The European Commission decided in 2013 to impose punitive import duties on solar panels from China in a move to guard against what it sees as dumping of cheap goods in Europe.
Chinese solar panel production quadrupled between 2009 and 2011 to more than the entire global demand.
EU producers say Chinese companies have captured more than 80% of the European market from almost zero a few years ago, exporting €21 billion to the European Union in 2011.
As a result, Chinese-made panels are as much as 45% cheaper than those made in Europe, industry executives say.
Marking an escalation of the dispute, China hit back a few months later by launching a probe into the EU wine sector.

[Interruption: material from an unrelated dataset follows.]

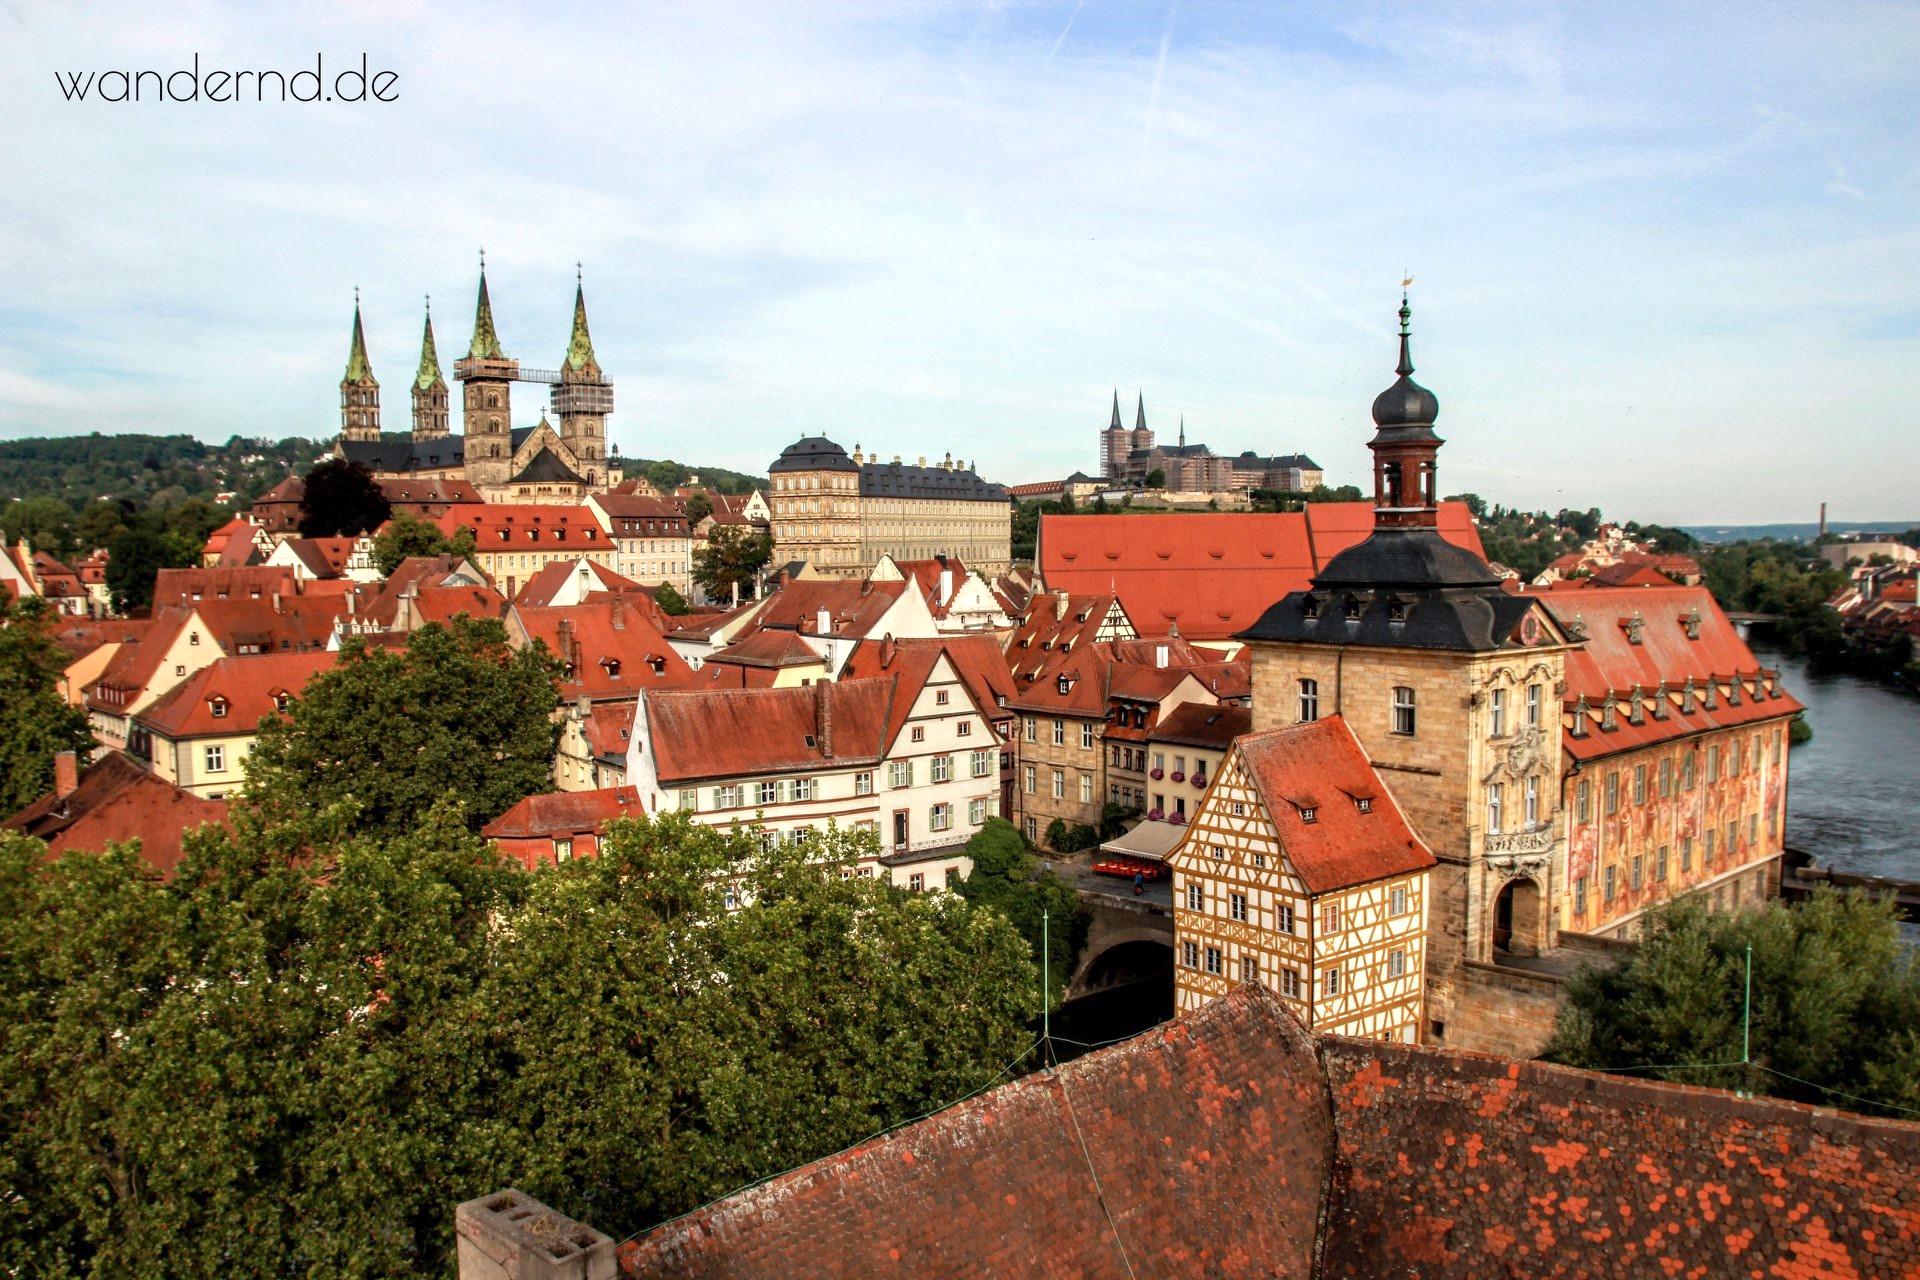 Weltkulturerbe-Stadt Bamberg

While some European and US manufacturers would welcome EU action, installers and prospective purchasers of solar technology are concerned that such a move will drive up the cost of solar panels, leading to a slowdown in the deployment of the technology and job losses across the industry.
German Economy Minister Philipp Roesler said the European Commission made a "grave mistake" by agreeing to duties on solar panels from China and urged the Commission to work to prevent the eruption of a trade conflict.
Brussels and Beijing finally reached an "amicable solution" in July 2013, agreeing to a minimum price for solar panel imports.
Some angry European solar panel makers blasted the deal as "unacceptable and completely against European interests,” vowing to take their case to the European Court of Justice.
The European Commission proposed in April 2013 to limit the use of the so-called "lesser duty rule" as part of a wider package to modernise the EU's trade defence instruments. The ‘lesser duty’ rule keeps the additional tariff within the limit of what is strictly necessary to prevent an injury for EU industry.
Following the Commission’s footsteps, the Parliament adopted its position on the modernisation of the trade defence instruments in April 2014, including the limitation of the lesser duty rule.
Yesterday, the executive called for the proposal to be adopted by member states as quickly as possible.